A key threshold question in the case, Biden v. Nebraska, No. 22-506, was whether the plaintiffs have suffered the sort of direct and concrete injury that gives them standing to sue.
When the case was argued in February, the justices focused on a nonprofit entity that services federal loans, the Missouri Higher Education Loan Authority, also known as MOHELA. The states argued that the entity’s potential losses from the loan forgiveness program were enough to confer standing because it is effectively an arm of the State of Missouri. They also said that the authority might fail to make payments to Missouri if the program were allowed to proceed.
On Friday, Chief Justice Roberts adopted that argument.
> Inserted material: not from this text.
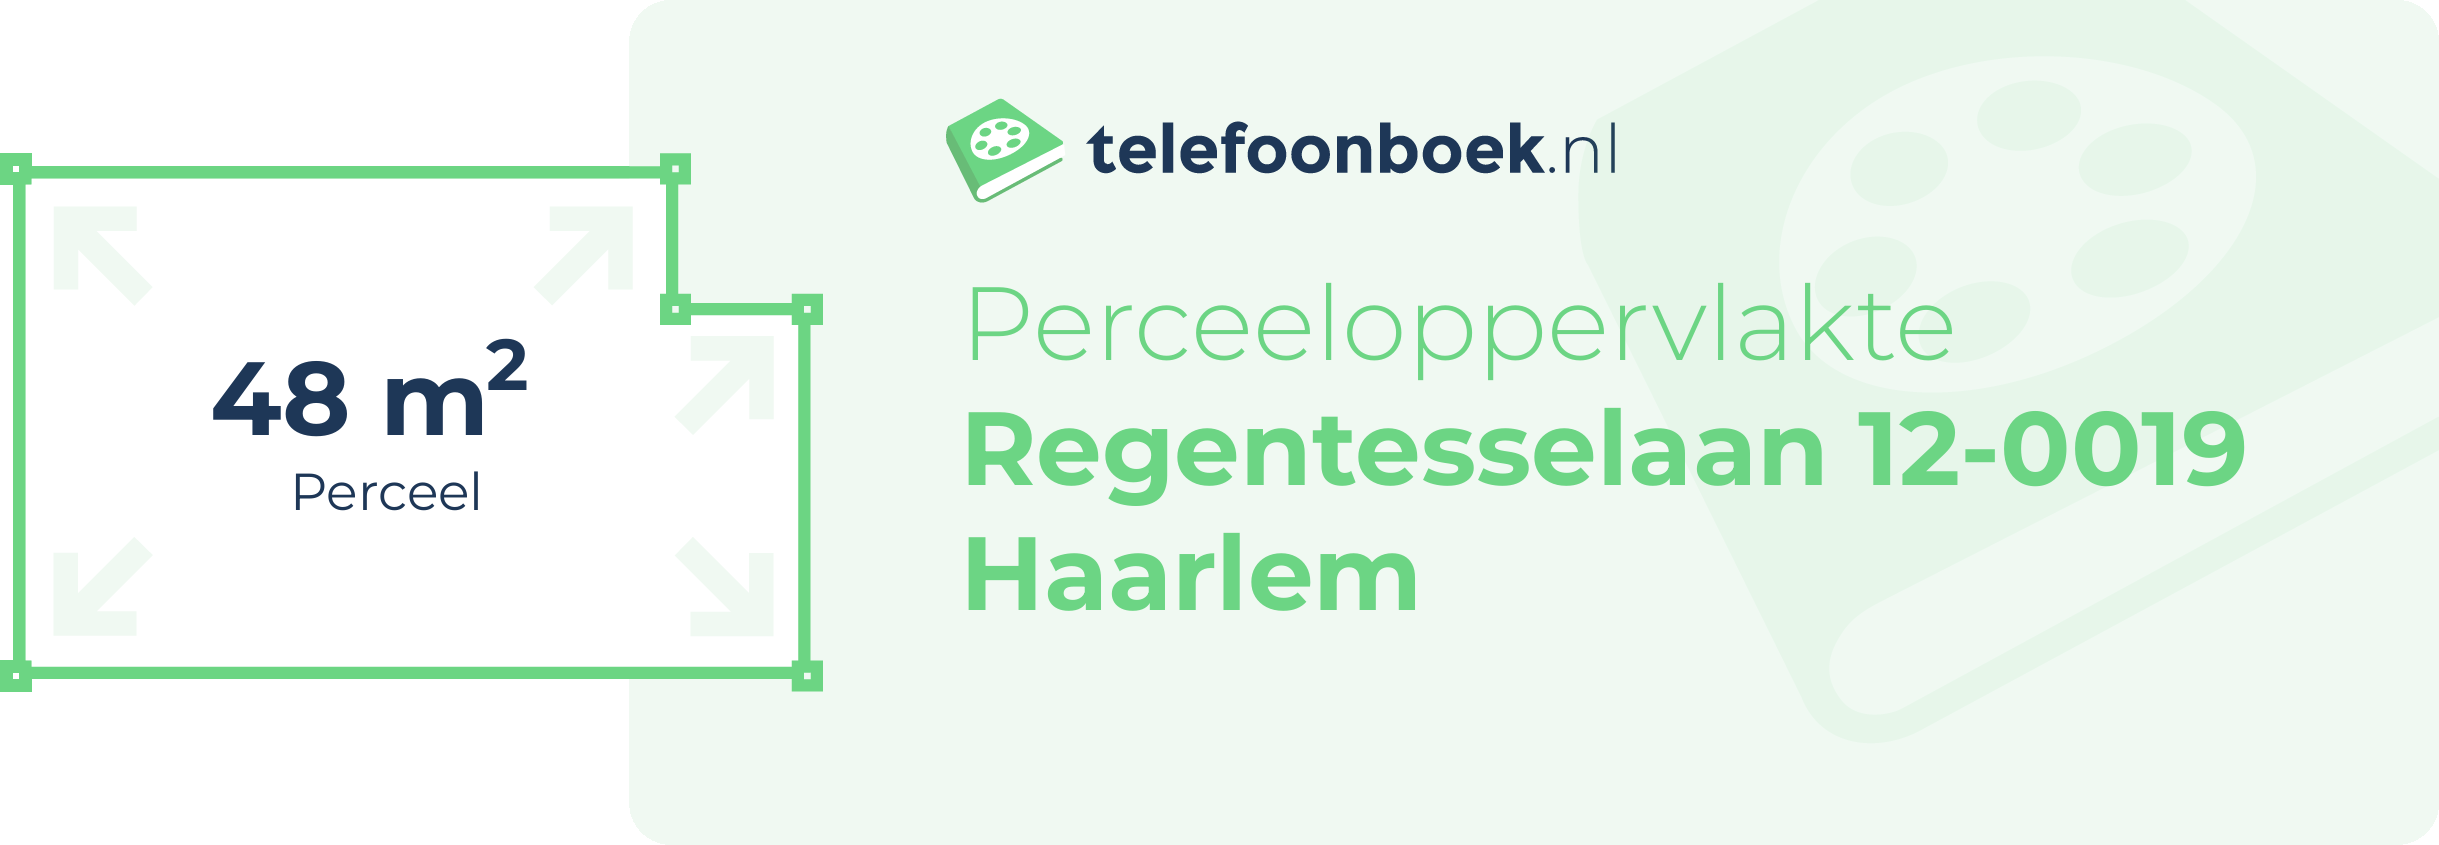 Perceeloppervlakte Regentesselaan 12-0019 Haarlem

“By law and function, MOHELA is an instrumentality of Missouri: It was created by the state to further a public purpose, is governed by state officials and state appointees, reports to the state, and may be dissolved by the state,” the chief justice wrote. “The secretary’s plan will cut MOHELA’s revenues, impairing its efforts to aid Missouri college students.”
That was the only basis for standing in the case. “We need not consider the other theories of standing raised by the states,” he wrote.
In a separate decision, the court unanimously held that two individual borrowers challenging the program lacked standing.
In dissent in the case brought by the states, Justice Kagan questioned the majority’s eagerness to decide it.
“In giving those states a forum — in adjudicating their complaint — the court forgets its proper role,” she wrote. “The court acts as though it is an arbiter of political and policy disputes, rather than of cases and controversies.”
Deciding the case, she wrote, “blows through a constitutional guardrail intended to keep courts acting like courts.”
She scoffed at the loan service entity’s connection to the case, noting that it had not sued on its own behalf or cooperated in the suit.
“Is there a person in America who thinks Missouri is here because it is worried about MOHELA’s loss of loan-servicing fees?” she asked. “I would like to meet him.”
Chief Justice Roberts concluded his opinion with a lament.
“It has become a disturbing feature of some recent opinions to criticize the decisions with which they disagree as going beyond the proper role of the judiciary,” he wrote.
Justice Kagan wrote that “there is surely nothing personal in the dispute here.”
“But justices throughout history have raised the alarm when the court has overreached,” she wrote, adding that alarm was warranted now.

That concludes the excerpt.